Statistical analysis was performed using χ2, Fisher exact, and McNemar tests with the aid of EpiInfo (version 3.4; CDC, Atlanta, GA); 95% confidence intervals and P values were also calculated. P values ≤0.05 were considered statistically significant.

Results

Out of the 634 isolates tested, considered by phenotypic testing to be resistant to RIF and INH, this resistance was confirmed by the Genotype®MTBDRplus assay in 575 (90.7%) isolates. RIF resistance was seen in 589 (92.9%) isolates and INH resistance was indicated in 584 (92.1%) isolates. INH resistance due to katG S315T was found in 535 (84.3%) isolates; due to inhA C (−15) Twas found in 143 (22.6%) isolates; and due to inhA T (−8) C was found in 8 (1.3%) isolates. Both katG S315T and inhA mutations were detected in 126 (19.9%) cases.

Single mutations

The results of this study indicate the most common drug resistance mutations are rpoB, katG and inhA among MDR-MTB isolates from Georgia (Table 1). The most common mutation responsible for RIF resistance in MDR strains was rpoB S531L (426/67.2%). The most common mutations responsible for INH resistance were katG S315T (535/84.3%) and inhA C (−15) T (143/22.6%). Table 1 also shows the distribution of single mutations among new and retreatment cases. The mutation rpoB S531L accounted for resistance measured in 208 (80.3%) new cases versus 218 (58.1%). The mutation katG S315T accounted for resistance measured in 252 (97.3%) new cases versus 283 (75.5%). The rest of the mutations (rpoB D516V, rpoB H526Y, rpoB H526D, inhAT (−8) C showed decreasing levels respectively 33 (5.2%), 13 (2.1%), 7 (1.1%), and 8 (1.3%). There was no statistically significant differences between new and retreatment cases as well as between genders for these mutations.

Table 1.

The most common drug resistance mutations of rpoB, katG and inhA of M. tuberculosis MDR isolates fromnew versus previously treated TB cases.

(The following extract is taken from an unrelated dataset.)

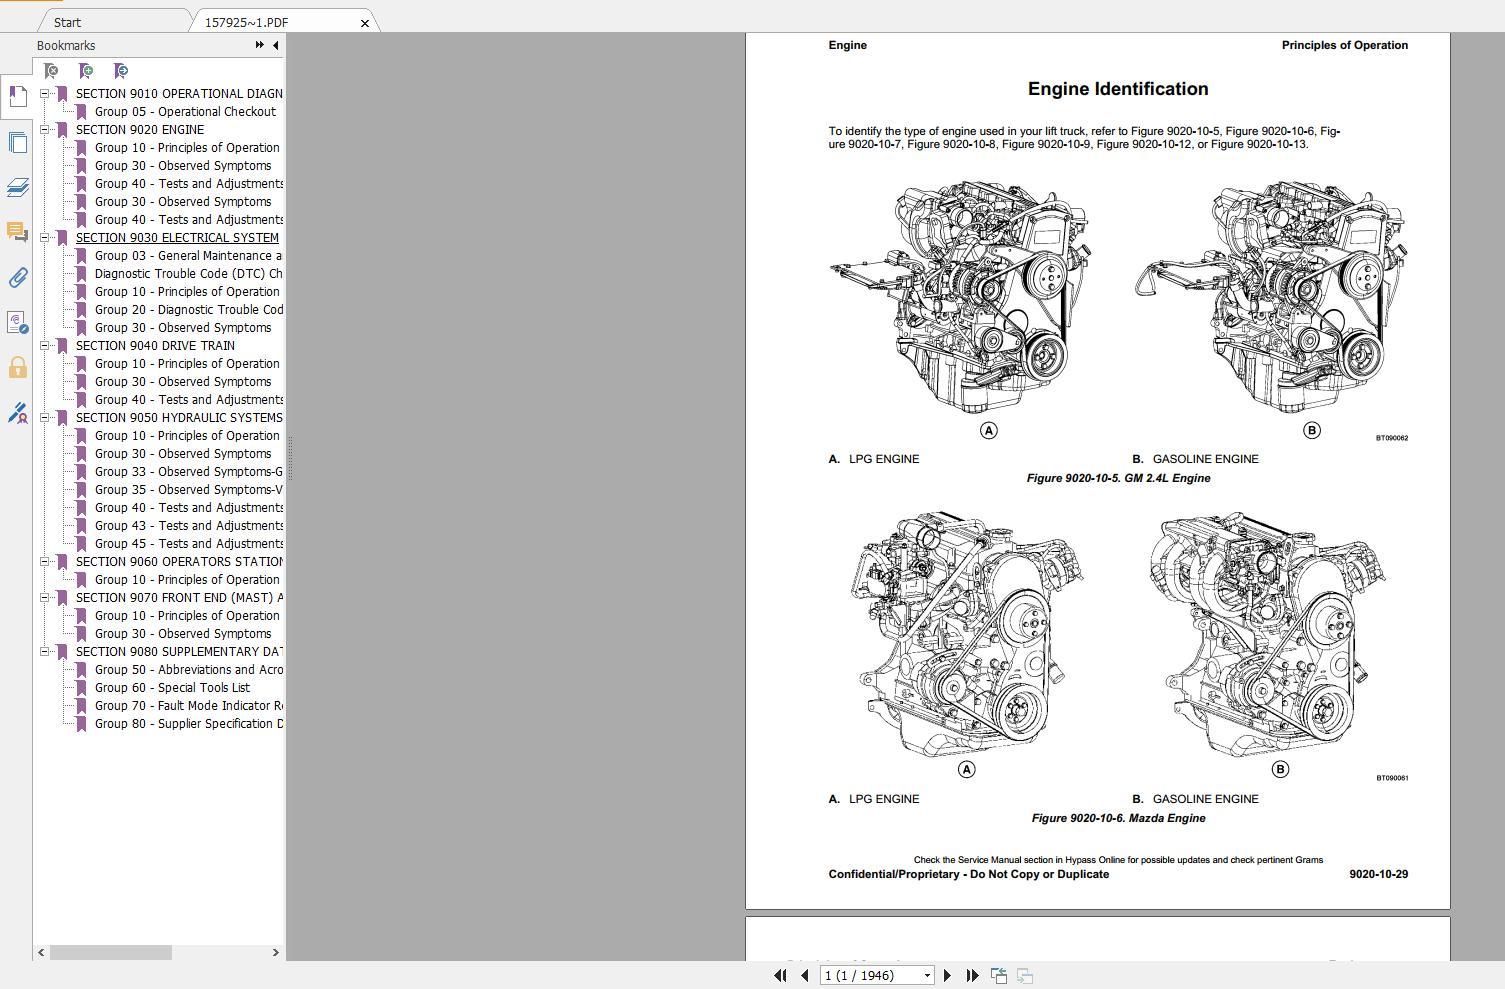 Hyster_Forklift_Class_4_Internal_Combustion_Engine_Trucks_Repair_Manuals8

Mutation No. (detection %) of MDR isolates from P value*

All cases (n = 634) New cases (n = 259) Previously treated cases (n = 375)
rpoB S531L 426 (67.2) 208 (80.30) 218 (58.1) ≤0.000001
rpoB H526Y 13 (2.1) 4 (1.5) 9 (2.4) 0.45
rpoB H526D 7 (1.1) 4 (1.5) 3 (0.8) 0.37
rpoB D516V 33 (5.2) 16 (6.2) 17 (4.5) 0.35
katG S315T 535 (84.3) 252 (97.3) 283 (75.5) ≤0.000001
inhA C (−15) T 143 (22.6) 69 (26.6) 74 (19.7) 0.02
inhA T (−8) C 8 (1.3) 2 (0.8) 6 (1.6) 0.48
*

Total – 465, 169 isolates not including in the table: No mutation on rpoB110, Single mutation only on rpoB14, Single mutation only on katG – 7, Single mutation only on inhA – 2, Without any mutations – 36.

Combinations of mutations

The most common combinations of mutations responsible for MDR in Georgia were: rpoB S531L + katG S315T (311/49.1%) and rpoB S531L + katG S315T + inhA C (−15) T (89/14.0%). The remainder of existing combinations did not exceed the level of 3.5%. Their distribution among new and retreatment cases is shown in Table 2. The rpoB S531L + katG S315T combination accounted for resistance measured in 155 new cases (59.8%) versus 156 previously treated cases (41.6%), which is statistically significant (p-value ≤0.05). For the rest of the combinations, no statistically significant differences were found.

Table 2.

The frequency of combinations of mutations responsible for MDR tuberculosis in Georgia.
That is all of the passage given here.